According to the public reporting, attackers did not stop at a single exploit against the Marimo notebook environment. They chained in an LLM agent to handle post-exploitation work. That is a useful warning for anyone running notebook tooling, because the real boundary is not the notebook UI. The real boundary is everything the notebook can reach once code execution is available: local files, environment variables, cloud credentials, git state, internal services, and whatever the operator assumed was “just dev tooling.”

I usually think about notebook incidents in two phases. The first is access. The second is leverage. An LLM agent tends to show up in phase two, where the attacker wants to turn a fragile foothold into a repeatable workflow.

What happened in Marimo CVE-2026-39987

The public report describes attackers using Marimo CVE-2026-39987 as the entry point, then bringing an LLM agent into the picture after the exploit. That sequence matters. It suggests the exploit was not the end goal. It was the opening move.

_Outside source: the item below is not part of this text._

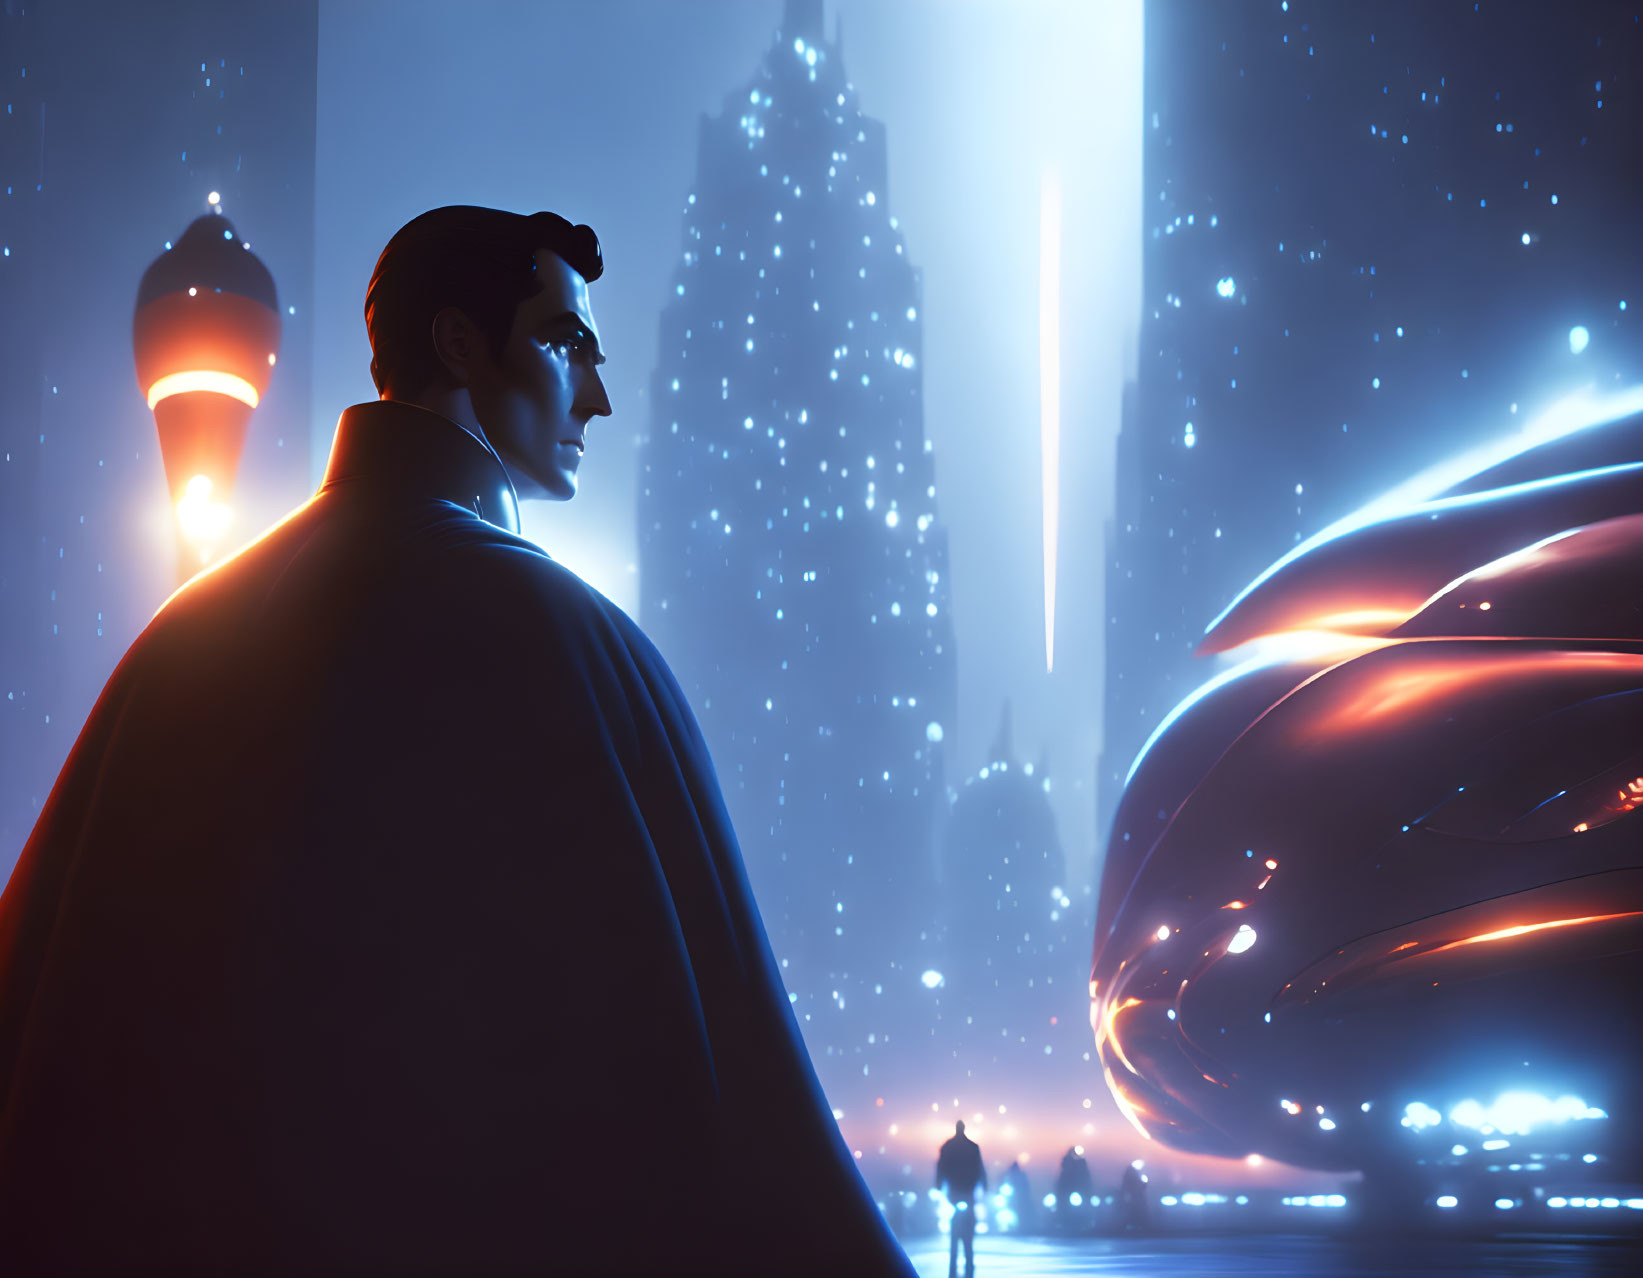 Superhero illustration overlooking futuristic cityscape at night

Marimo is a notebook-style development environment, so the trust model is already unusual. Notebook systems mix editor, runtime, and execution history in one place. That is convenient for developers and attractive to attackers, because one trusted session often reaches farther than it should. If a notebook can execute code, it may also be able to inspect local project files, read secrets from the process environment, and reach internal services that were never meant to be exposed to a browser-facing workflow.

The vulnerable trust boundary in the notebook workflow

When I audit notebook platforms, I look for the exact point where user-authored content crosses into execution. That is the trust boundary. In a browser app, a malicious string should stay data. In a notebook runtime, the same string may become code, a command, or a tool invocation.

That boundary gets fuzzy in notebook products for a few reasons:

cells are supposed to run code by design
state persists between executions
local files are often mounted into the runtime
users assume “local-first” means “not remotely reachable”
operators often expose the service for convenience during development

Once an attacker crosses that line, the incident is no longer about the original bug alone. It becomes about everything the notebook process can see. If the notebook server inherits cloud credentials, package registry tokens, SSH keys, or access to mounted source trees, the compromise can move quickly from code execution to data access.

Why this issue mattered beyond the initial exploit

The headline detail is the exploit. The practical detail is the aftermath.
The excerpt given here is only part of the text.